Thanks. (1) Does your "First we get back to ... get the desired p≈k(k−1)/2N" justify (k(k−1))/(2N) as a reasonable approximation? (2) Does "This hand-waving argument does not yield a mathematically exact derivation of p=k(k−1)/2N, since the events are not disjoint. As long as p is small, we can get away with it, but that gets grossly wrong when k>sqrt(2N). When k=sqrt(N), this chance is close to 50%. That's true if 39.3% is close to 50%" mean that k(k−1)/2N is a bad approximation? (3) if you don't mean contradiction in (1) (2), could you explain, edit, or paraphrase what you actually mean?

fgrieu

7/20/23, 2:01 PM

(1) More precisely, it implies $k(k−1)/(2N)$ is a valid approximation _for $k$ or $p$ lower than some threshold._ (2) It means that $k(k−1)/(2N)$ is poorly justified by the argument given, comes without a statement of when it applies, and is a terrible approximation for $k$ above some thresold. As explained, it's already significantly off (by +24%) when applied to $k=\sqrt N$ and $N$ of cryptographic interest. (3) There's no contradiction.

Elon Musk

I sit in a Tesla and translated this thread with Ai:

EN: Are these both the probability of collision in birthday attack?

TH: ทั้งสองอย่างนี้น่าจะเป็นการปะทะกันในการโจมตีวันเกิดหรือไม่?
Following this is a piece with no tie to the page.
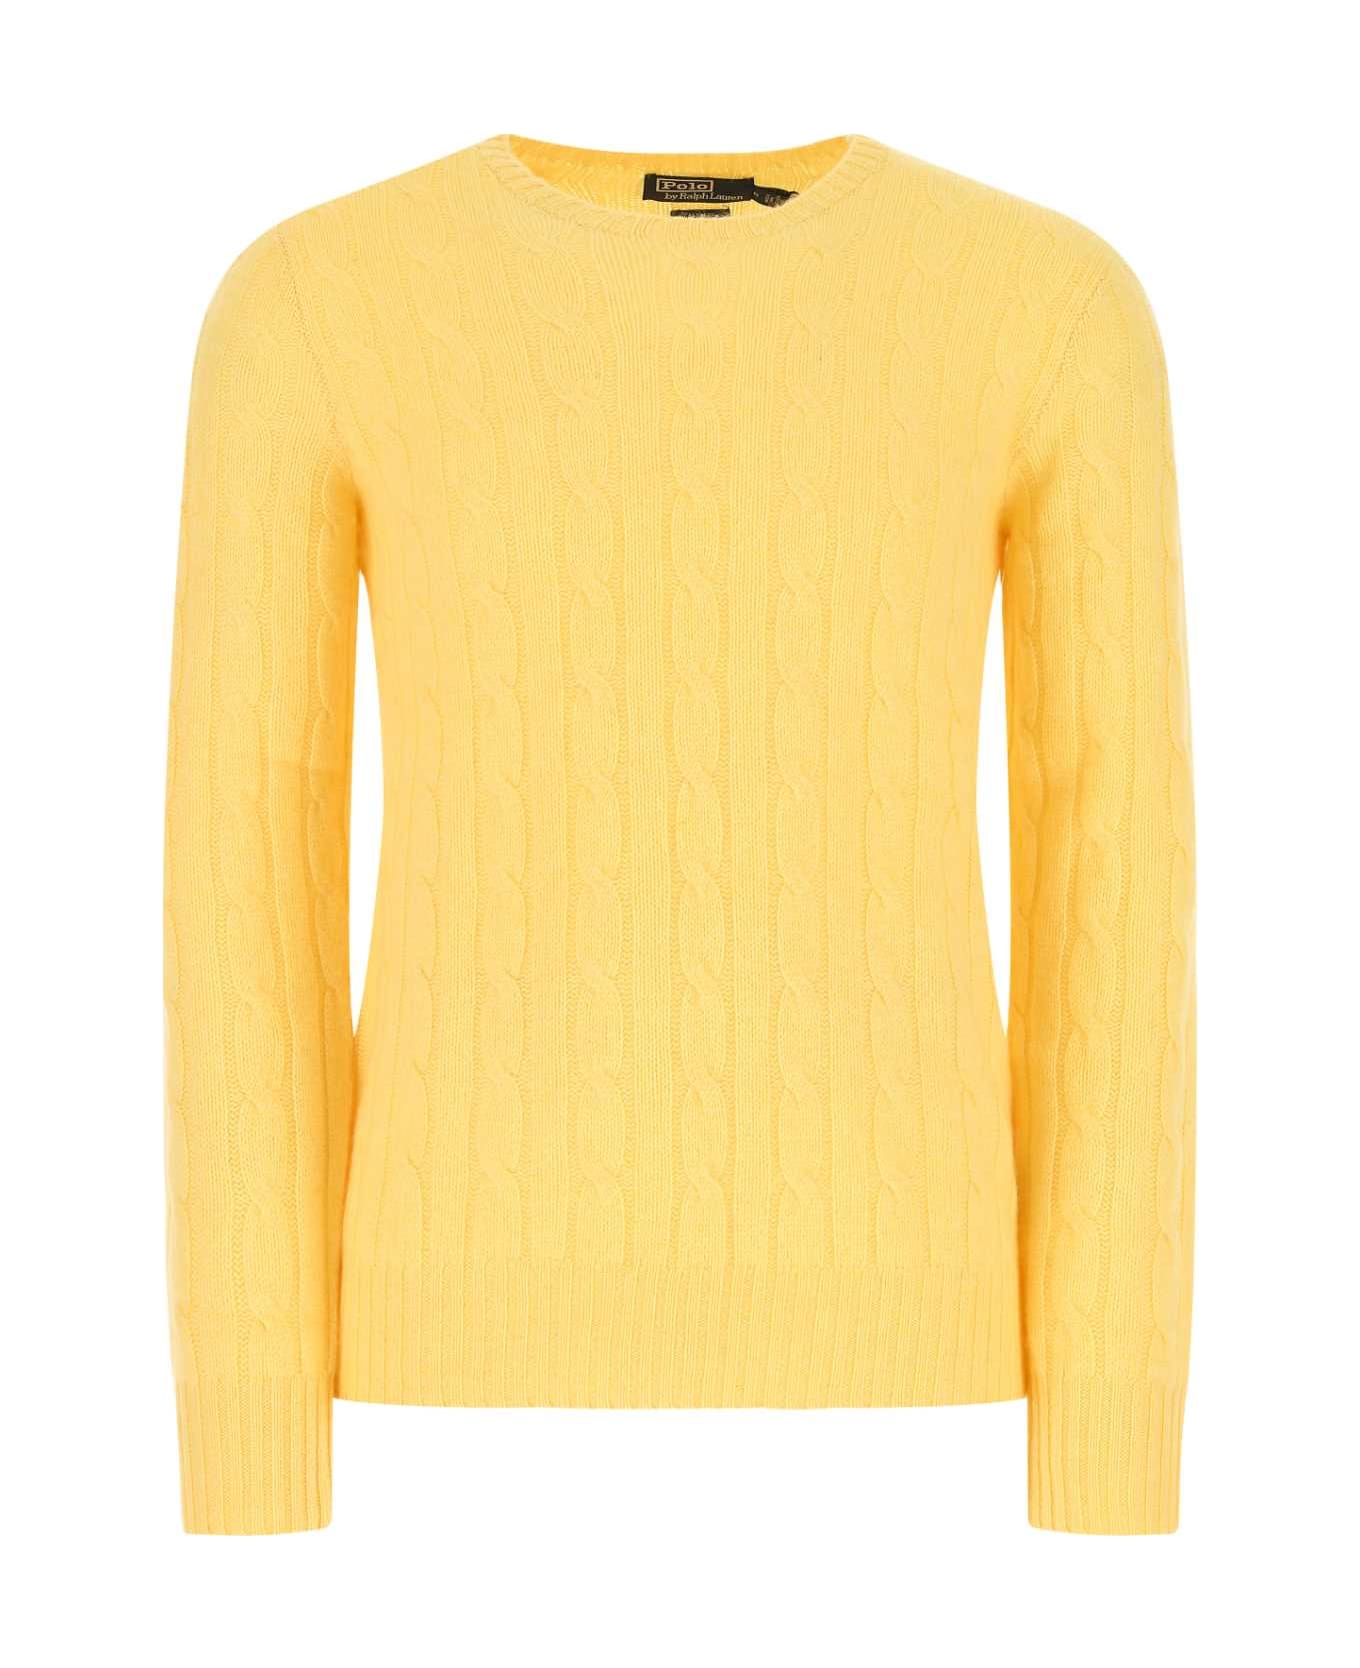 Polo Ralph Lauren Yellow Cashmere Sweater - 002

RO: Acestea sunt ambele probabilitatea de coliziune în atacul de ziua de naștere?

RU: Являются ли они оба вероятностью столкновения в атаке дня рождения?

VI: Đây có phải là cả hai xác suất va chạm trong cuộc tấn công sinh nhật?

Post an answer

Most people don’t grasp that asking a lot of questions unlocks learning and improves interpersonal bonding. In Alison’s studies, for example, though people could accurately recall how many questions had been asked in their conversations, they didn’t intuit the link between questions and liking. Across four studies, in which participants were engaged in conversations themselves or read transcripts of others’ conversations, people tended not to realize that question asking would influence—or had influenced—the level of amity between the conversationalists.